Saturday, August 2, 2014

Pretty dice, and a game to go with them

Quarriors is another ingenious idea from Wizkids Games, the masterminds behind Heroclix who are so good at coming up with games that are really justifications for adults to play with plastic toys. Not that I have a problem with that. I only gave up collecting action figures because Heroclix gave me plastic figures and a game I could play with them.

Quarriors replaces little plastic superheroes with custom dice, and is sold as a boxed game with expansions rather than in random booster packs (for the collectible version, see Marvel Dice Masters). It takes its game play cues from Dominion and other deck building games, where the idea is to customize your deck during the game by adding cards from a common pool.

With Quarriors it's a pool of dice each player is creating, starting with a few generic dice representing currency (called "Quiddity" in the game) and some low-level characters. A random assortment of additional dice representing characters and spells is made available in the center of the table, and players use their Quiddity dice to purchase new and better dice which they can use to attack their opponents and, if they survive, score Glory points.
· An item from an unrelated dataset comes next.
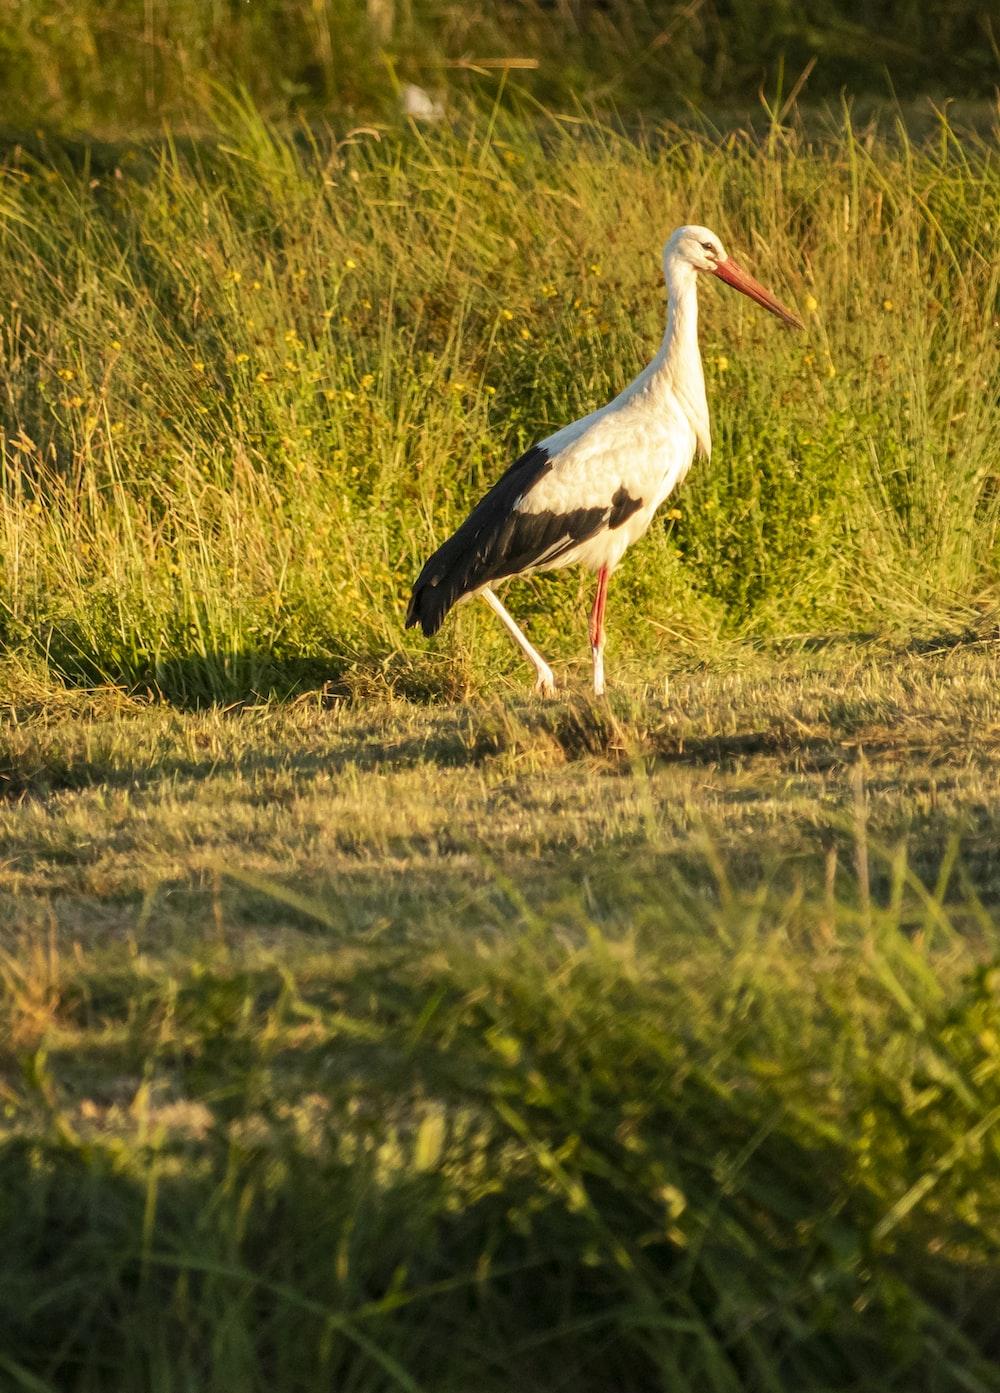 white stork on green grass field during daytime

Each player's dice are kept in an opaque bag, and each turn the player starts by drawing and rolling six dice. Dice faces can come up as creatures of varying strength levels, Quiddity that is used to purchase more dice, or spell effects that can allow for re-rolls, drawing and rolling additional dice, or making creatures stronger. After your creatures are put into play, they attack each opponent's creatures in turn. Then each oppoenent takes their turn, and at the start of your next turn any creatures you still have in play score Glory points, and are then returned to your pool of dice to be drawn and rolled again. The game ends when one player gets to a certain amount of Glory points (determined by the number of players).
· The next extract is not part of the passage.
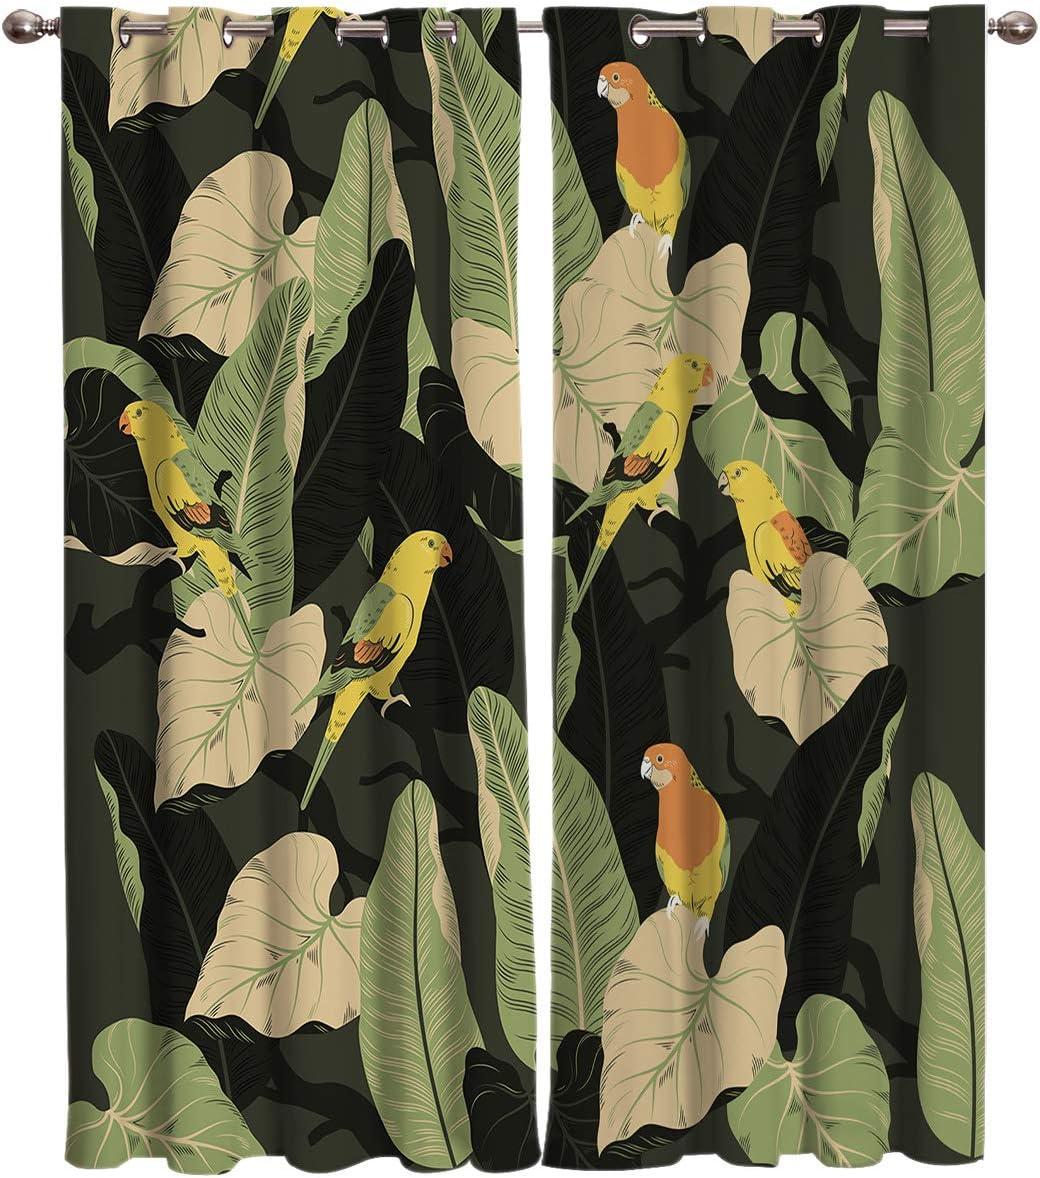 TH Home Curtain Panel for Bedroom Summ Door 直営ストア Patio 訳あり Living Room -

The base set alone comes with 130 dice representing many creatures and spells, and in turn each creature or spell has three different versions, so the game has a lot of replay value, and a good part of the strategy is in using what's been dealt at the beginning of the game. You can't rely on that favorite creature or spell being available every time. Add several expansions which add tons of new dice and new game mechanics such as corrupted dice that have negative effects, or the ability to send your creatures on quests for powerful Quartifacts.
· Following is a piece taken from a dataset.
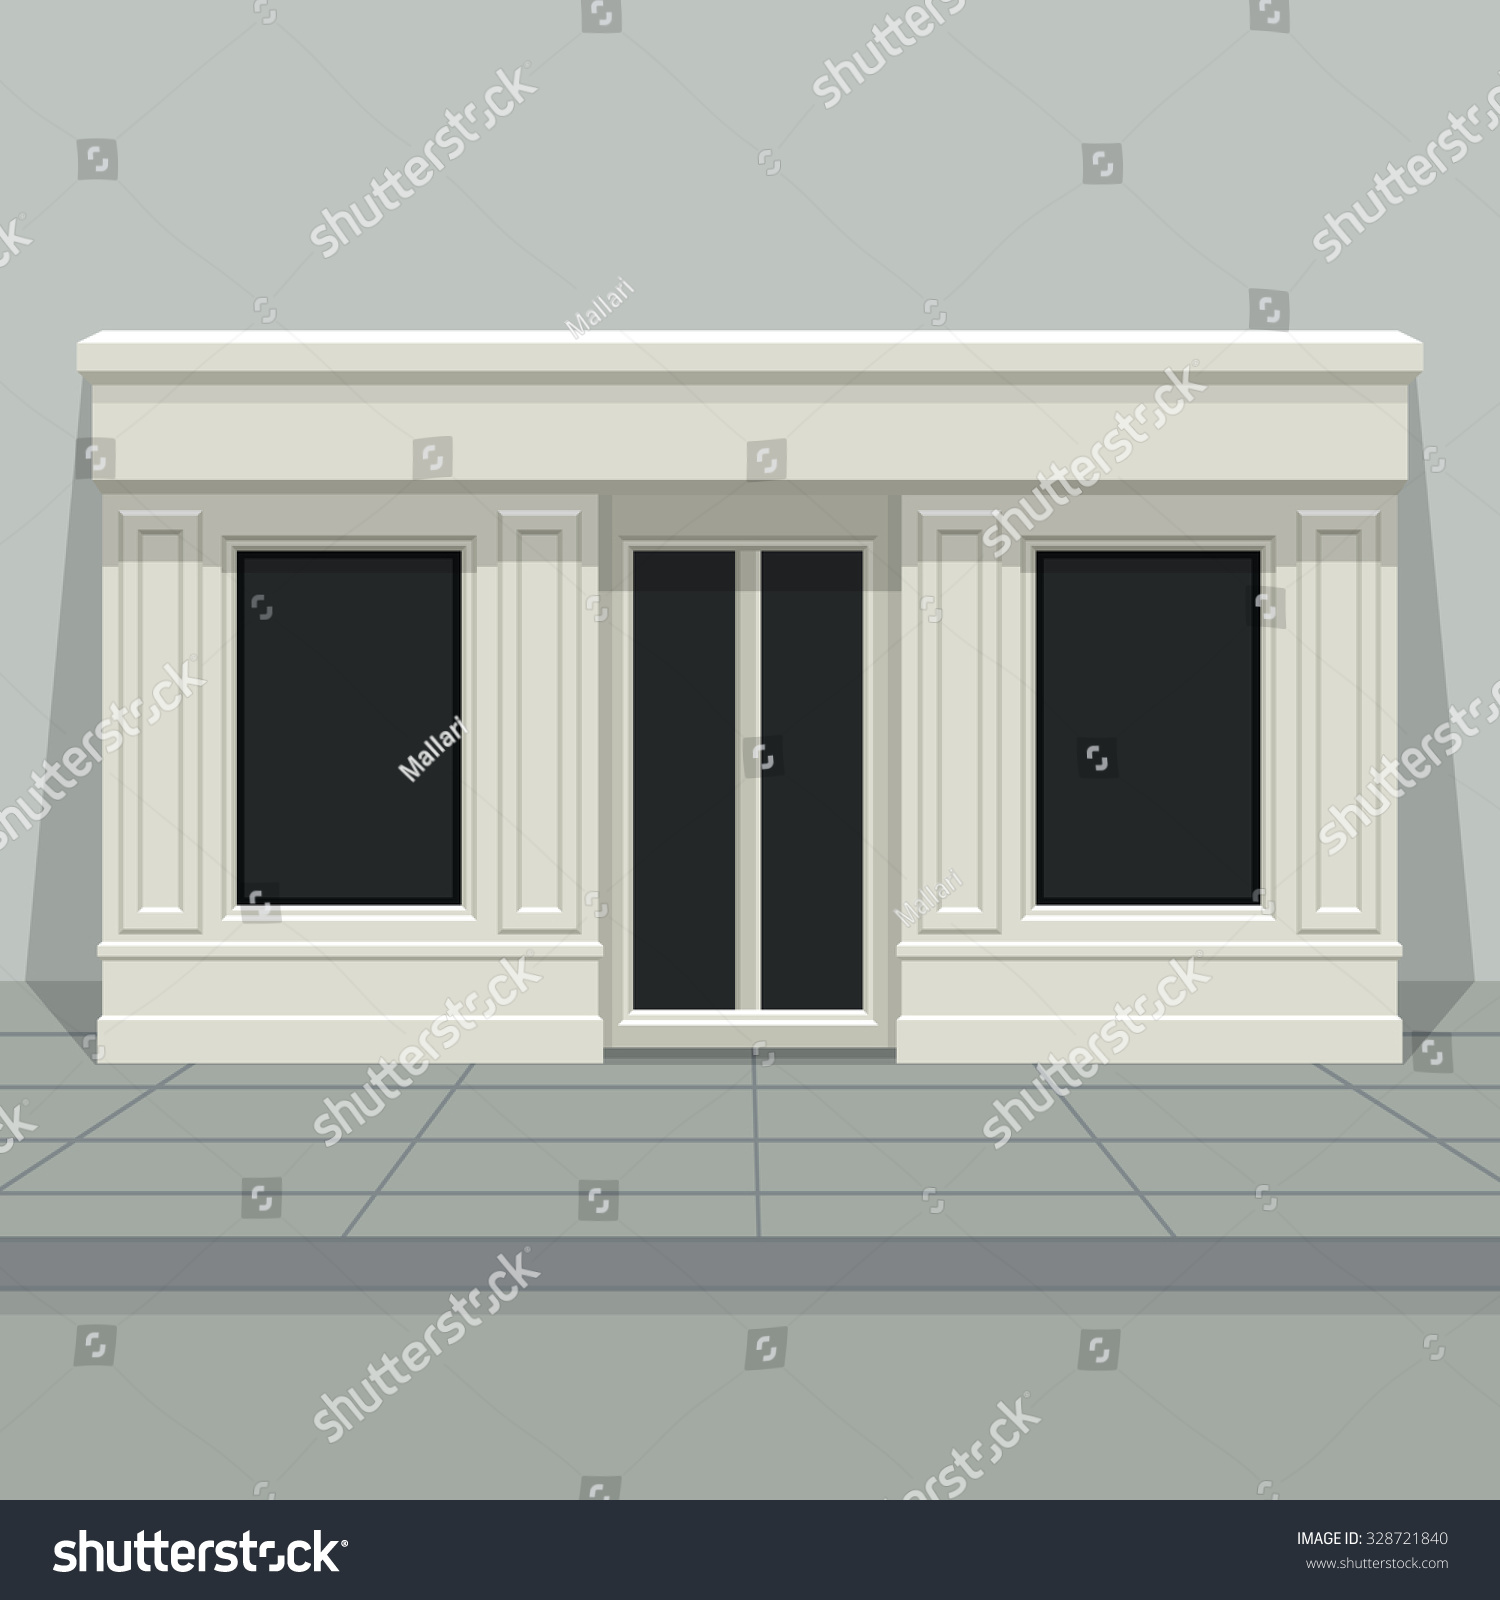 facade shop store boutique glass windows stock vector 328721840 shutterstock. Black Bedroom Furniture Sets. Home Design Ideas

The game play is solid and engaging, and the dice are of reasonable quality and very pretty to look at. The only thing about the game that I don't particularly care for is the goofy theme they chose to wrap it in. The somewhat cartoonish artwork on the cards is fine (and in many cases quite well done), but the marketing material and even the rule book are written in an obnoxious style that makes me think of a television presenter shouting at an audience of five-year-olds. Luckily it's not enough to interfere with my enjoyment of the game.

Rating: 4 (out of 5) A nice blend of strategy and random chance, with some lovely components in the form of custom printed dice.